* TASK OBJECTIVE: Once the pictures are set aside, reproduce the remaining data exactly.

* GIVEN DATA:
──────
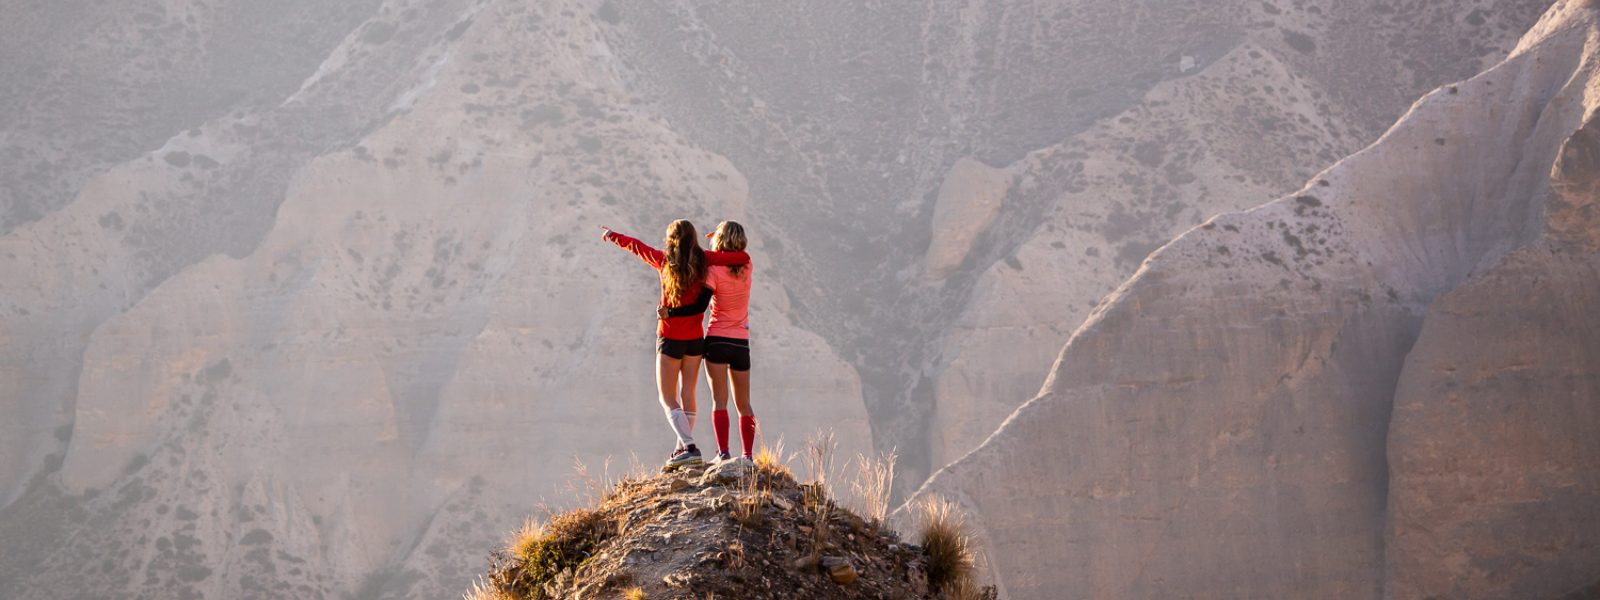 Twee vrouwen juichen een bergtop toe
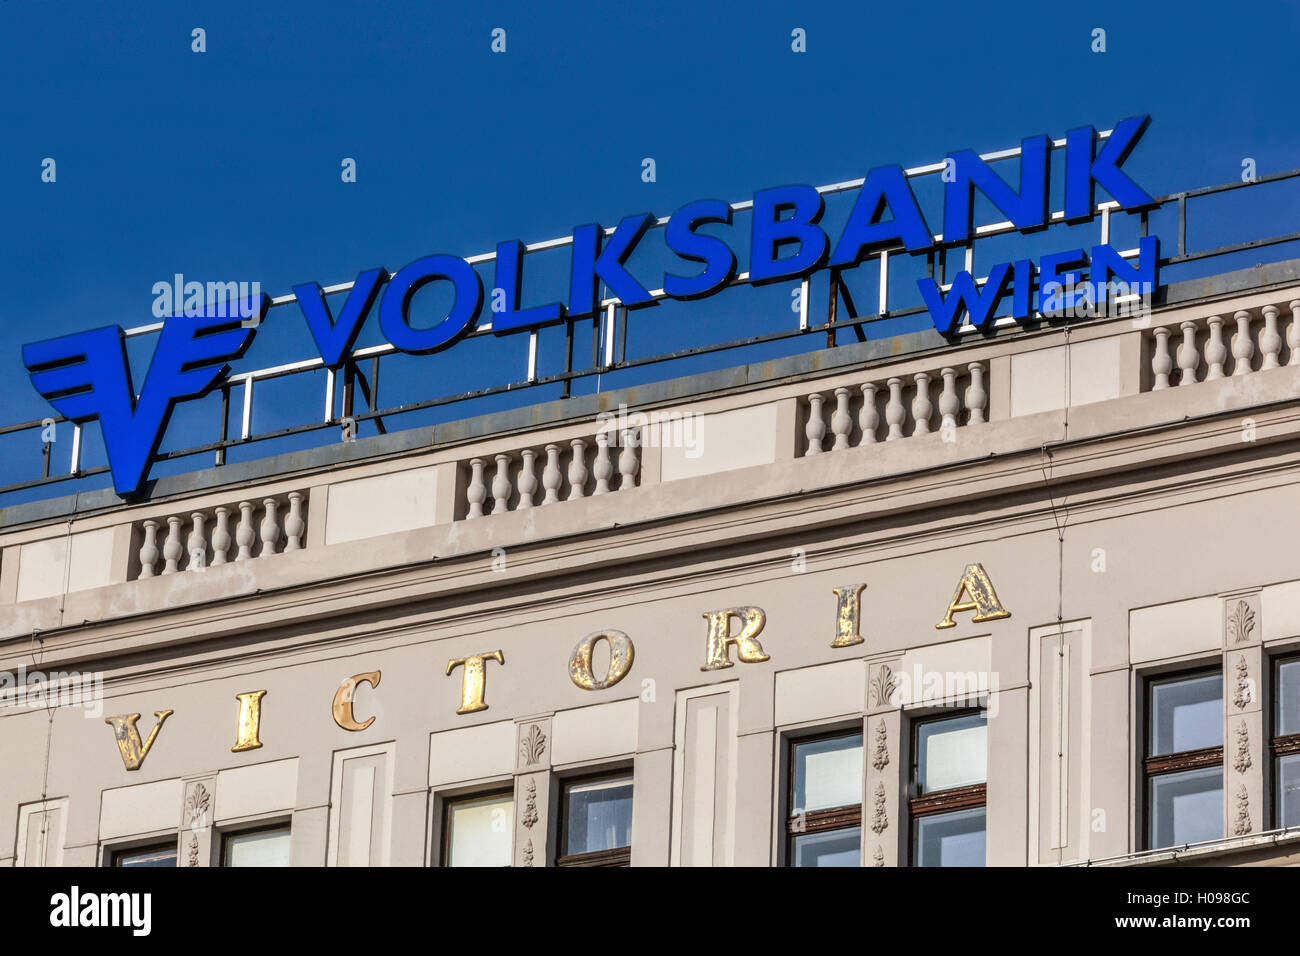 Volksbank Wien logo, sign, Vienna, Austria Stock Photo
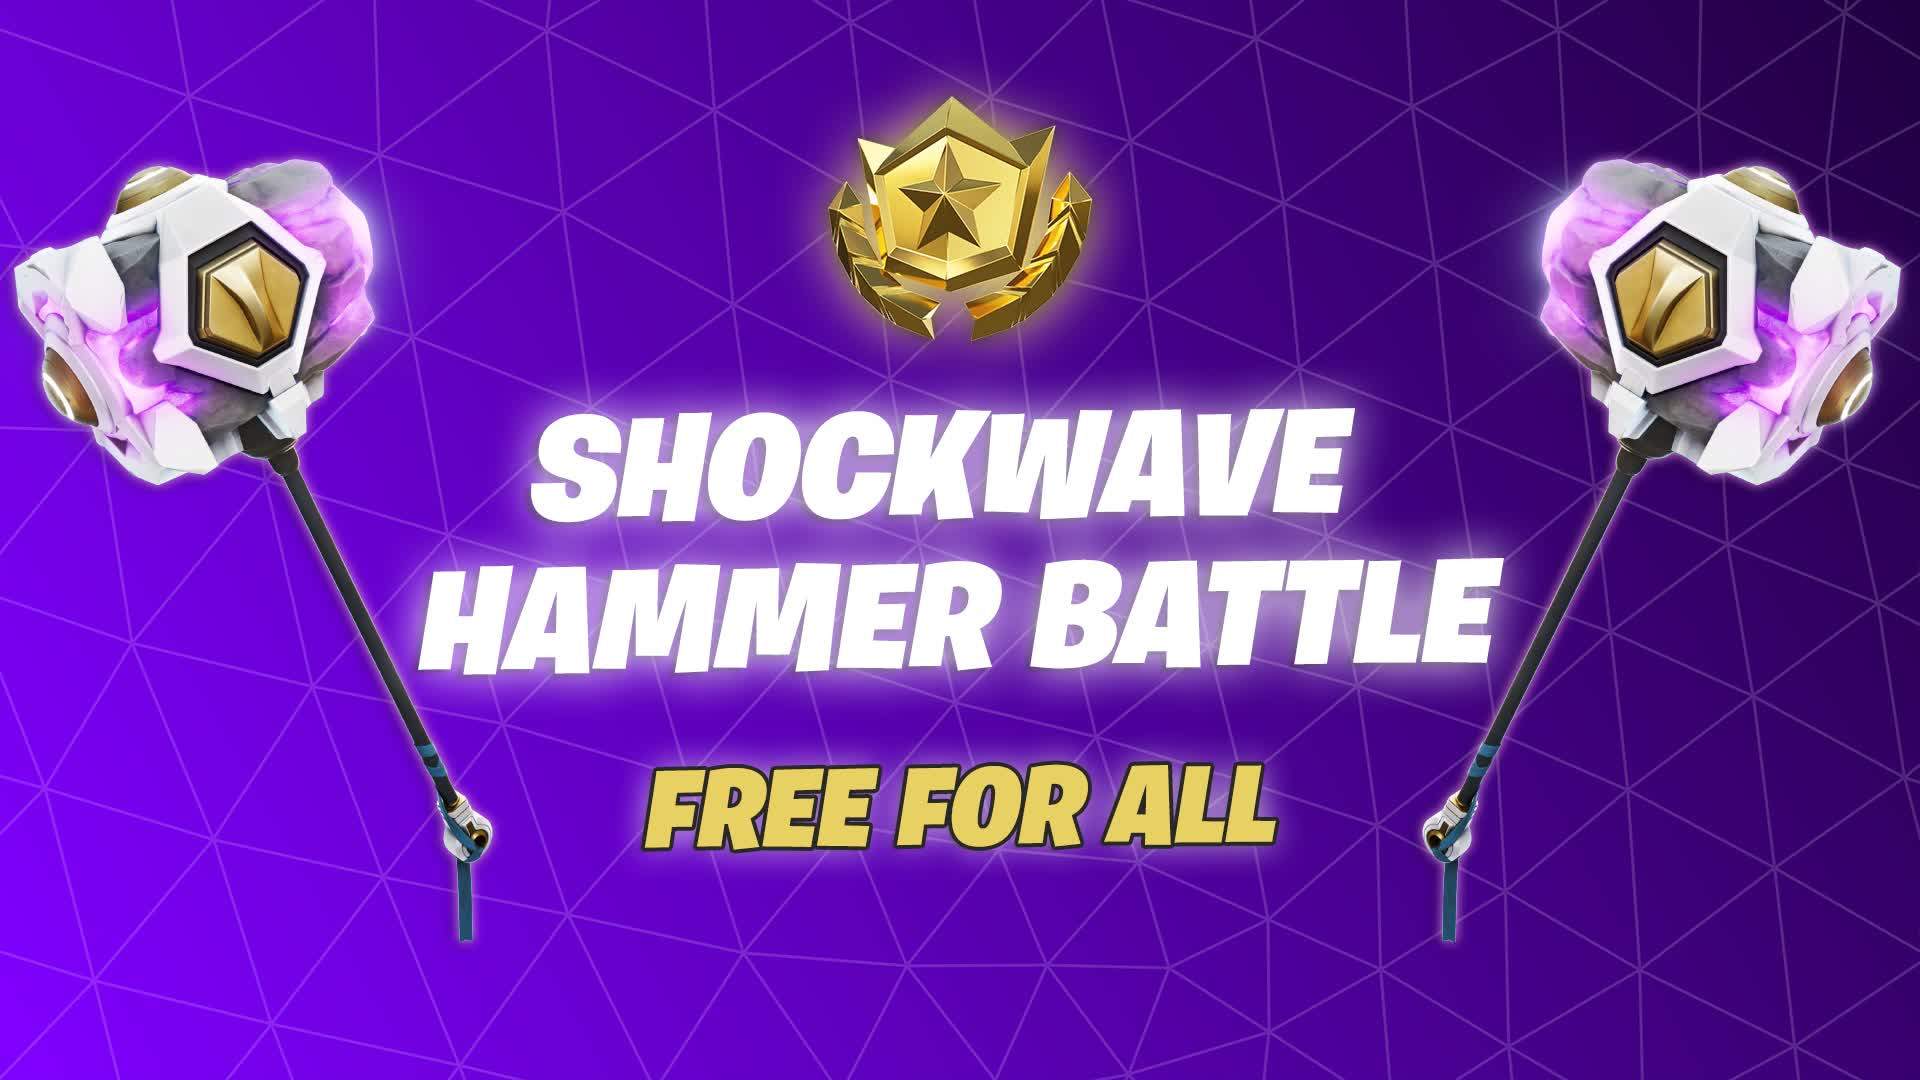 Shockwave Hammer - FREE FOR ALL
──────
* YOUR SOLUTION:
 Twee vrouwen juichen een bergtop toe
 Volksbank Wien logo, sign, Vienna, Austria Stock Photo
 Shockwave Hammer - FREE FOR ALL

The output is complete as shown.